- _Task instructions_
Your answer should be the lines from the one with "Westworld 3 trama, cast" to the end of the data below, both included, exact and free of pictures.

- _Data supplied_
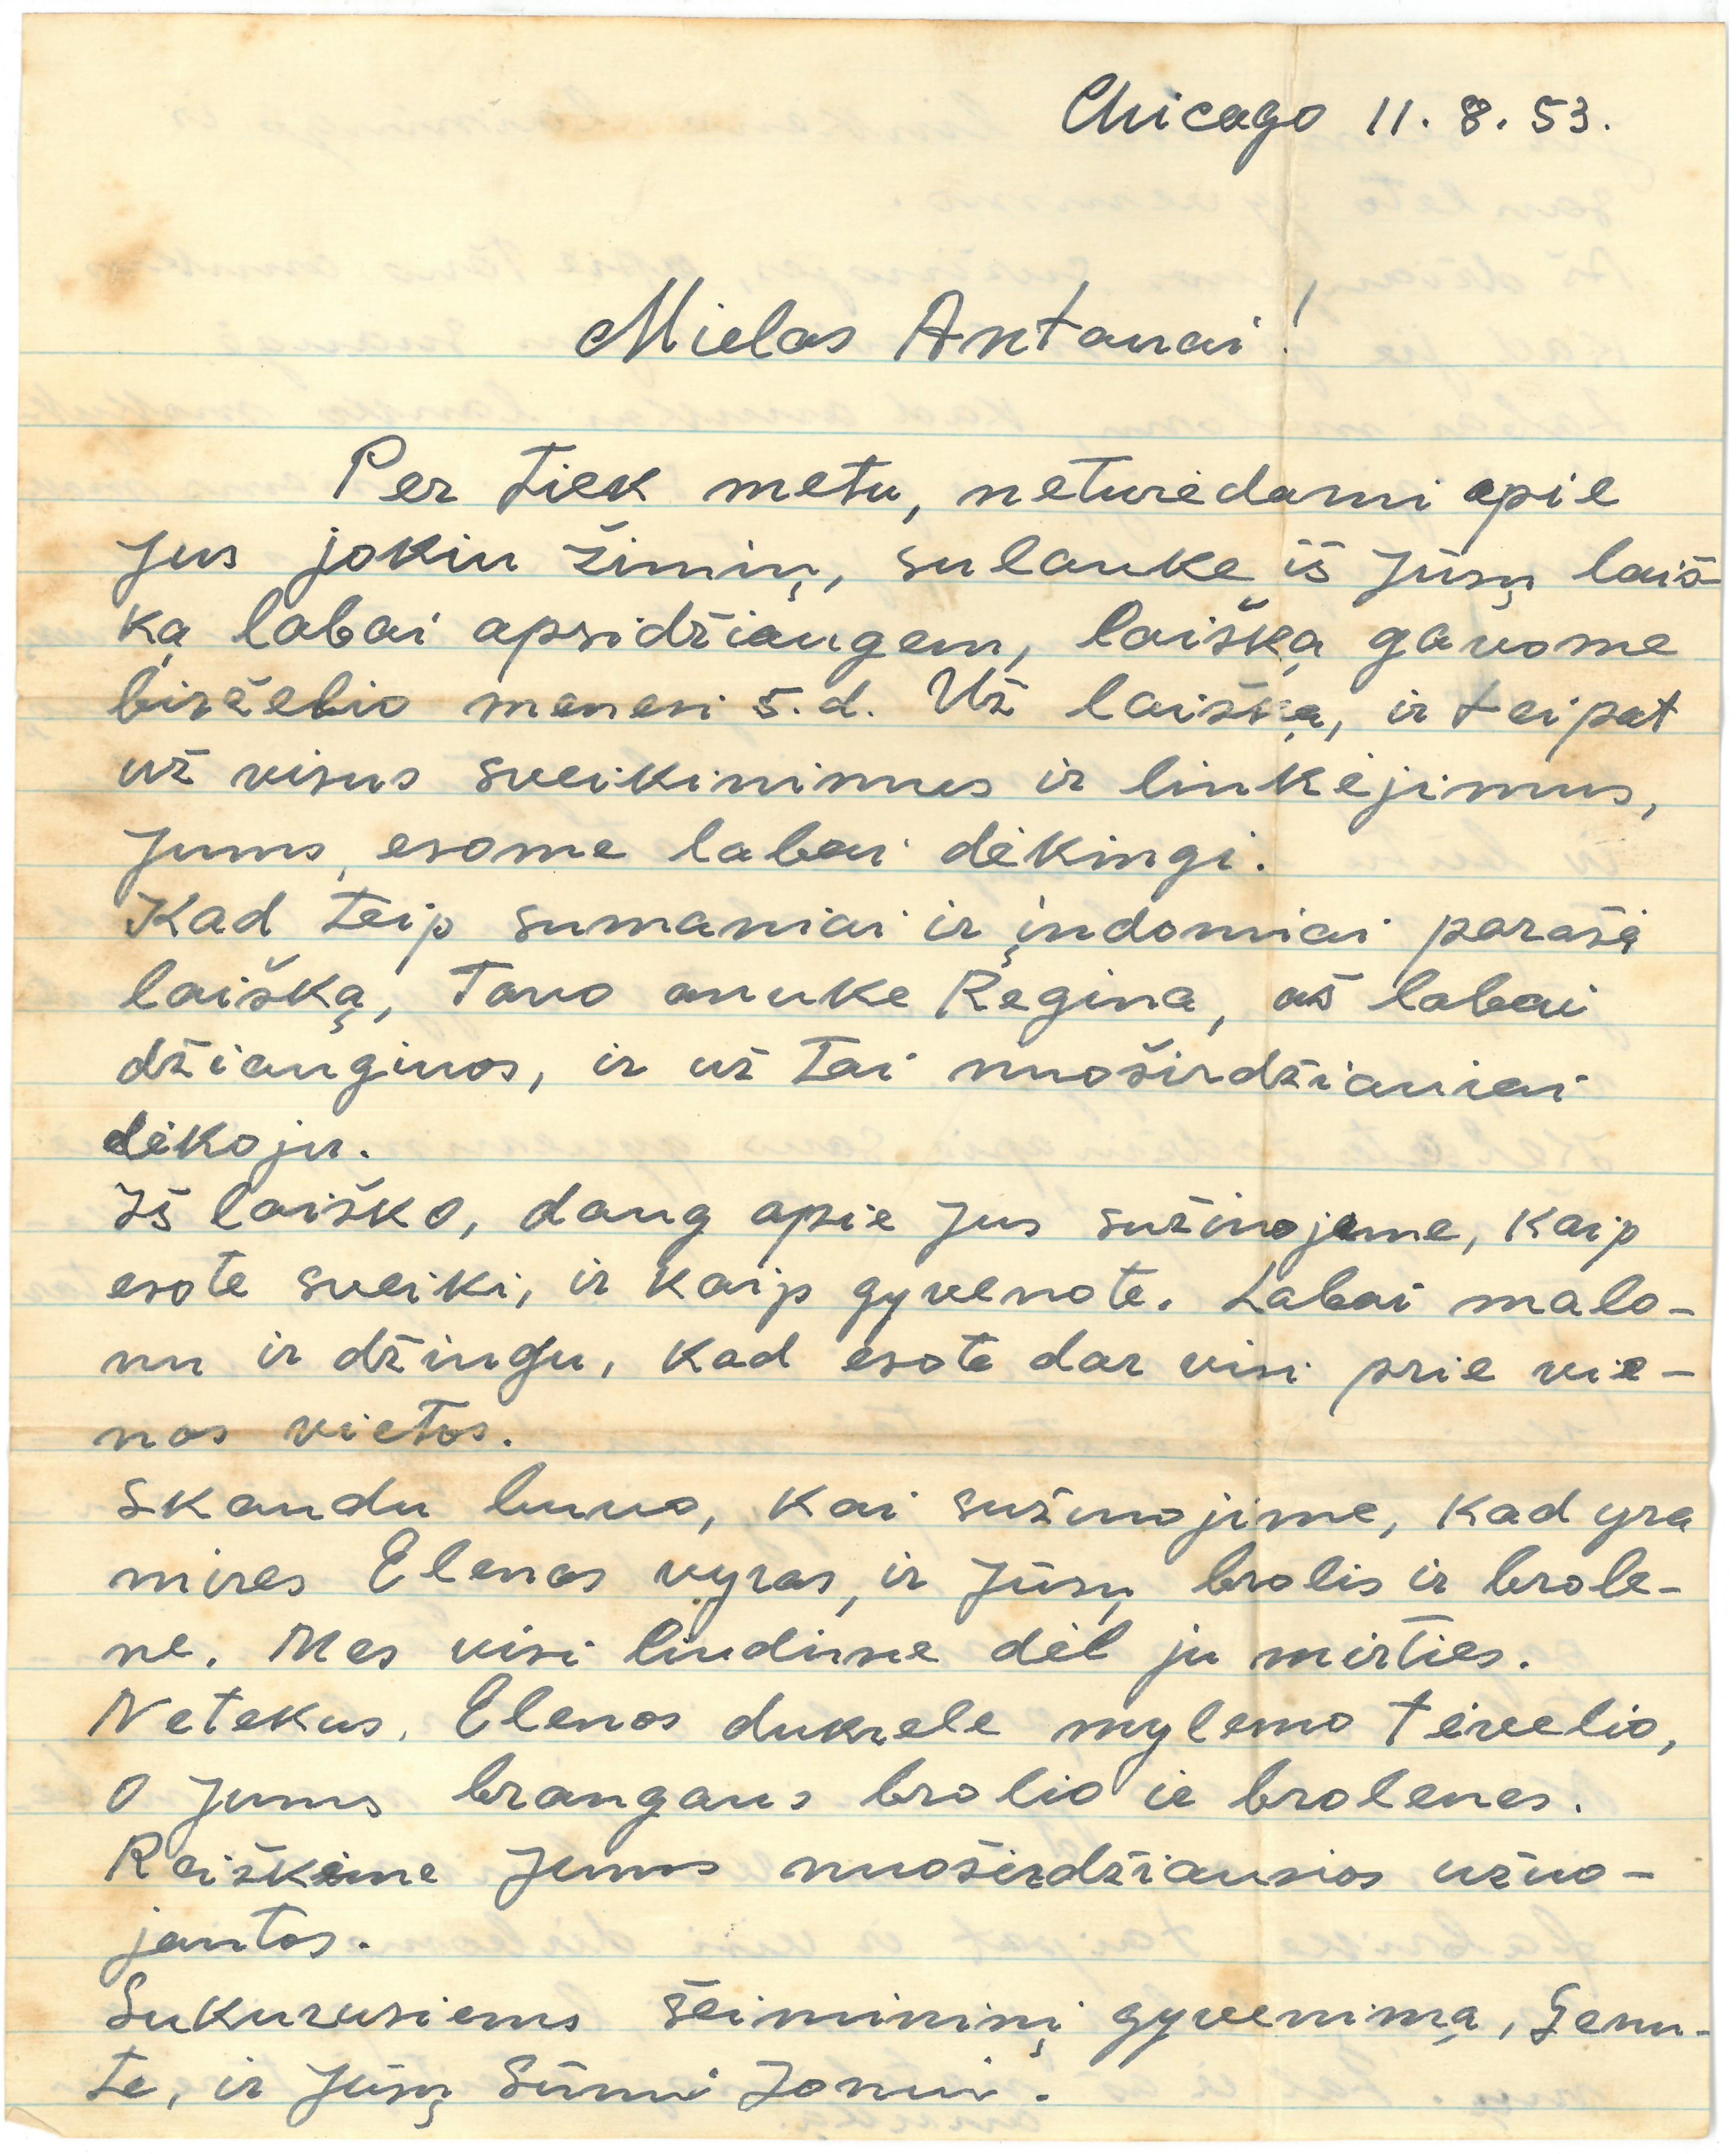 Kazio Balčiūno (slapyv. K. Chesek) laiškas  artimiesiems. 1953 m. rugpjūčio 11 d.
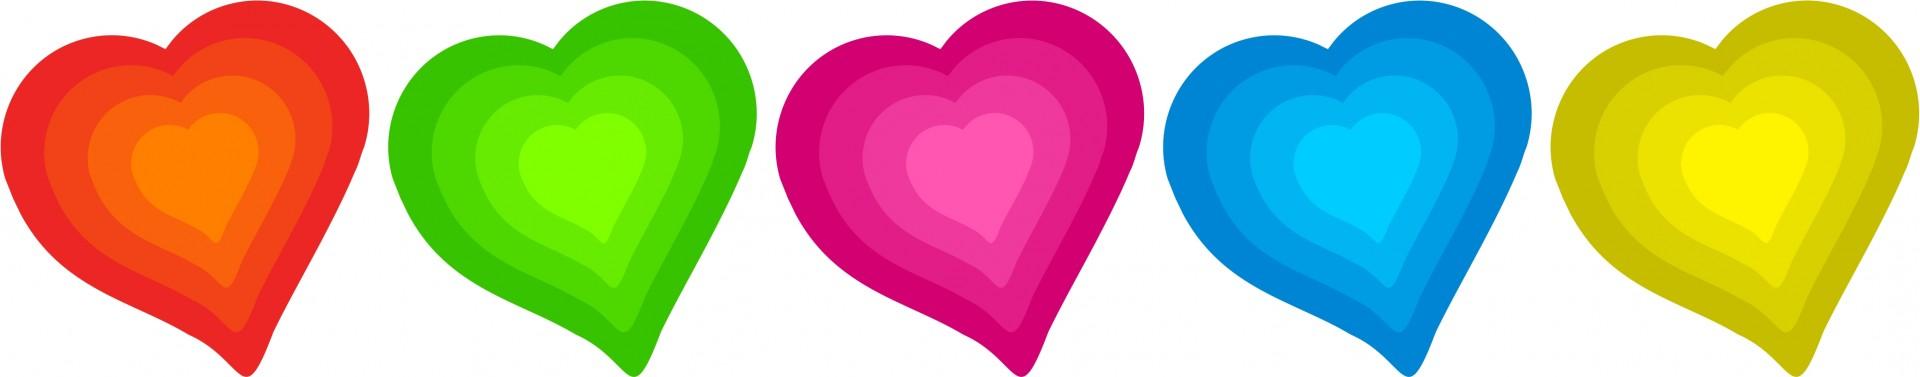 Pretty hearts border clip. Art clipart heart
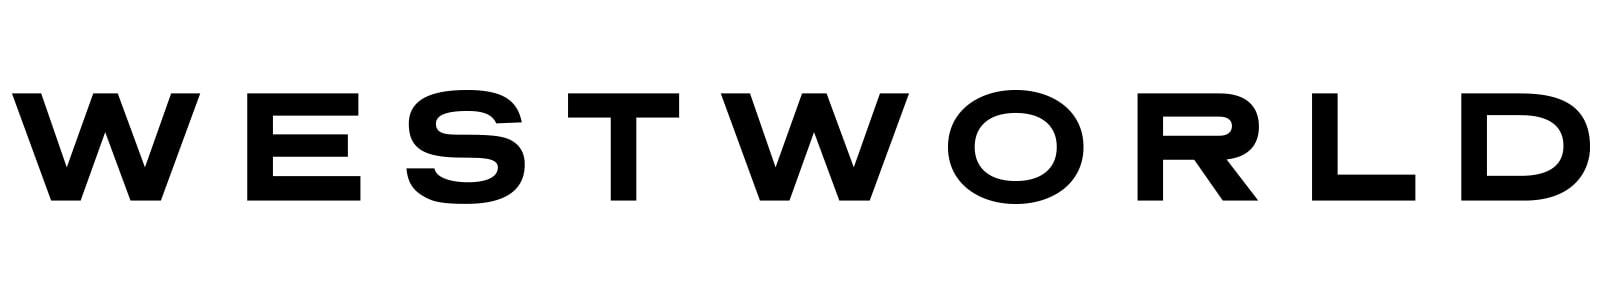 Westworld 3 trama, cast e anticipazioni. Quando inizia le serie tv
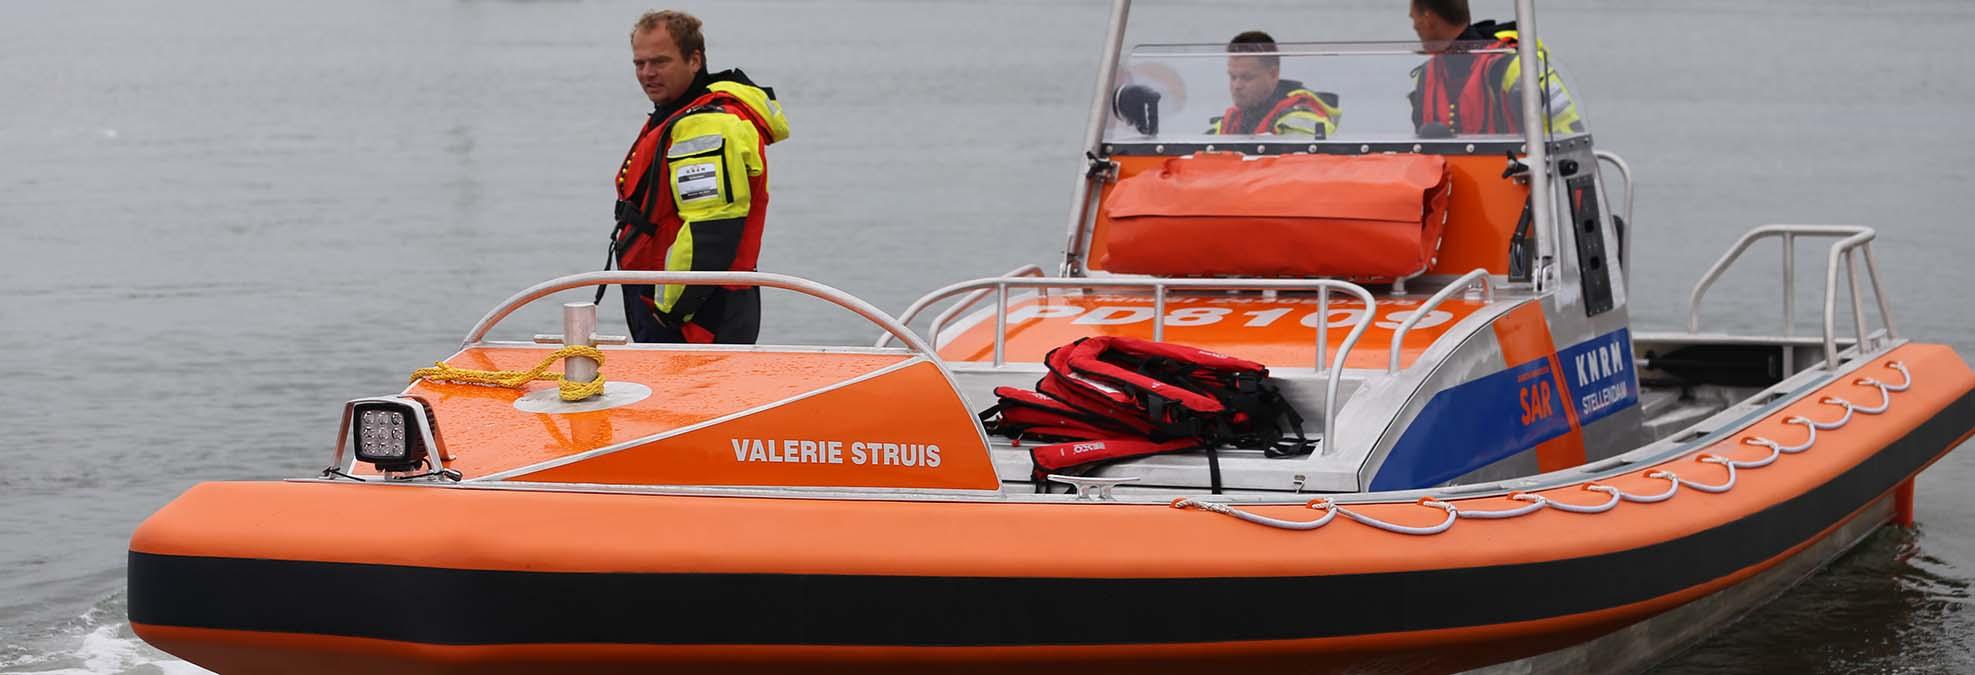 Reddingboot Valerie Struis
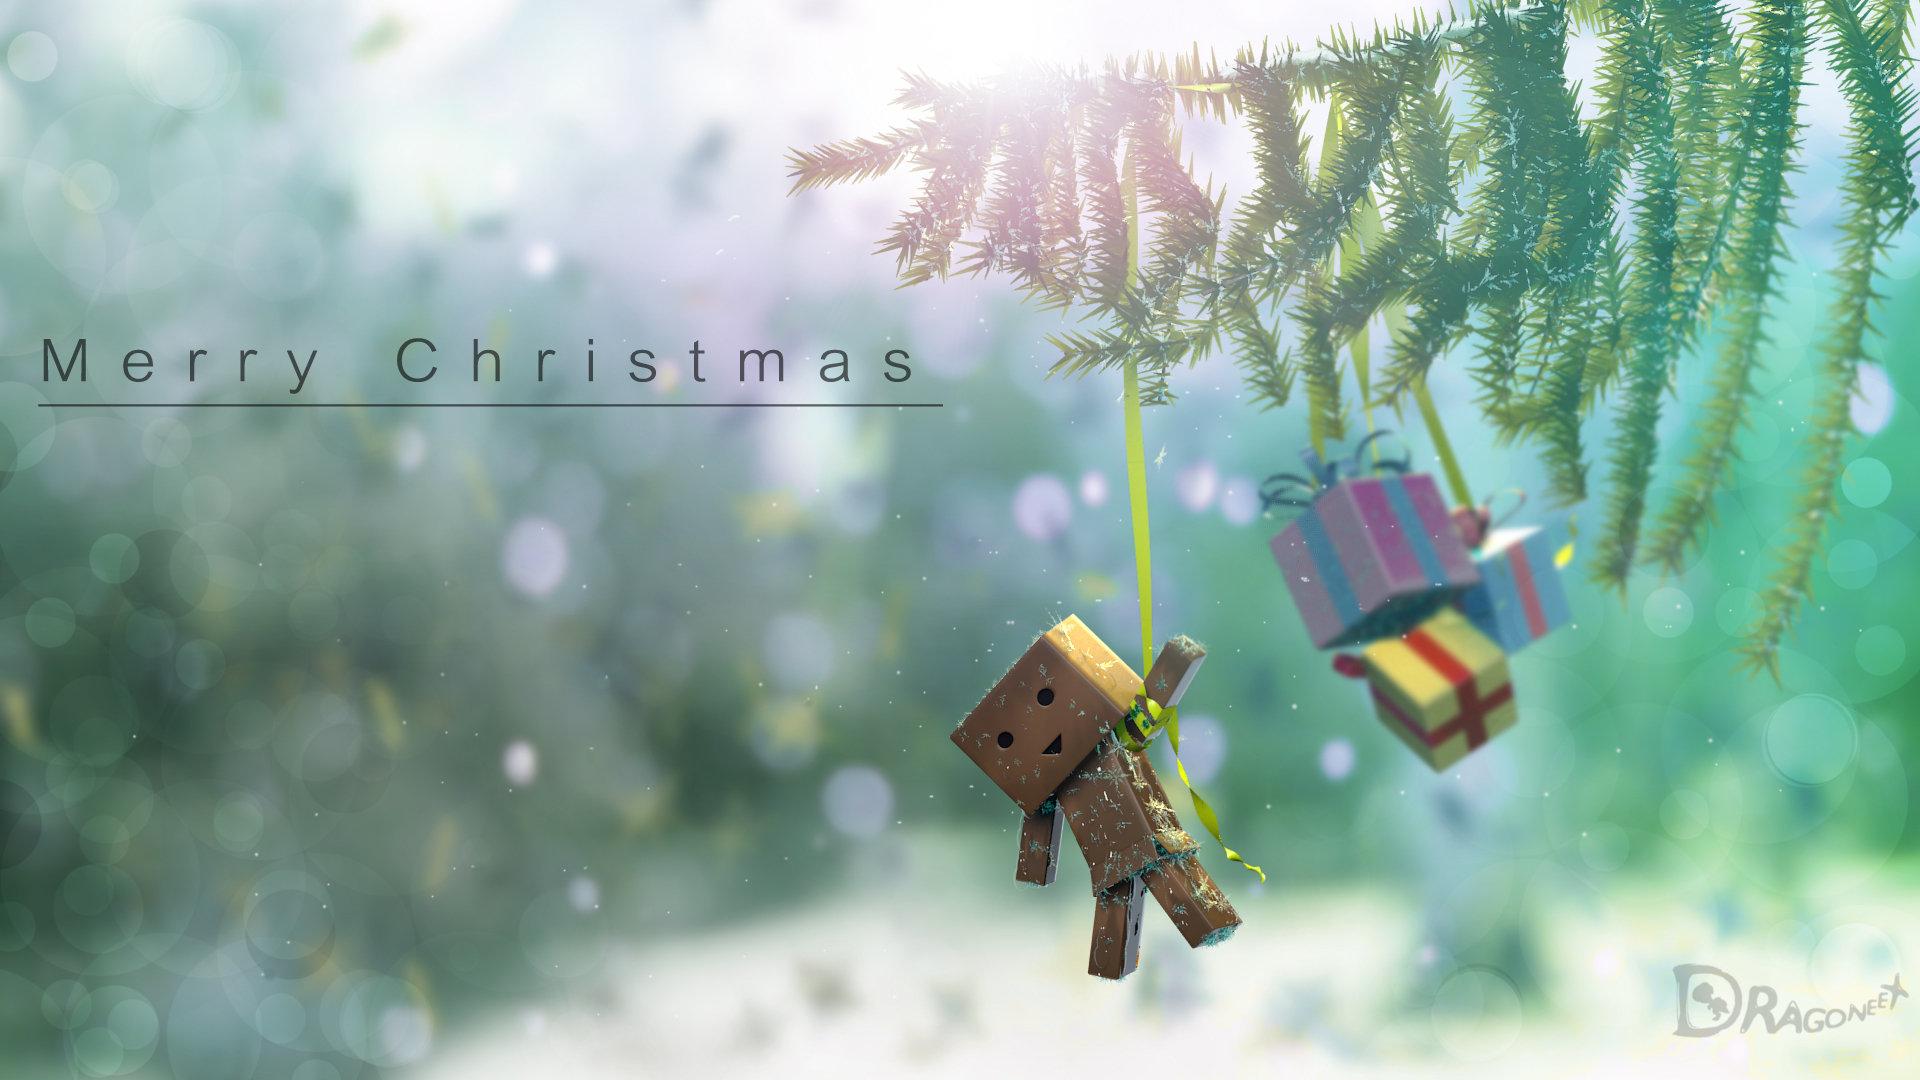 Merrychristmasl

- _Answer box_
 Westworld 3 trama, cast e anticipazioni. Quando inizia le serie tv
 Reddingboot Valerie Struis
 Merrychristmasl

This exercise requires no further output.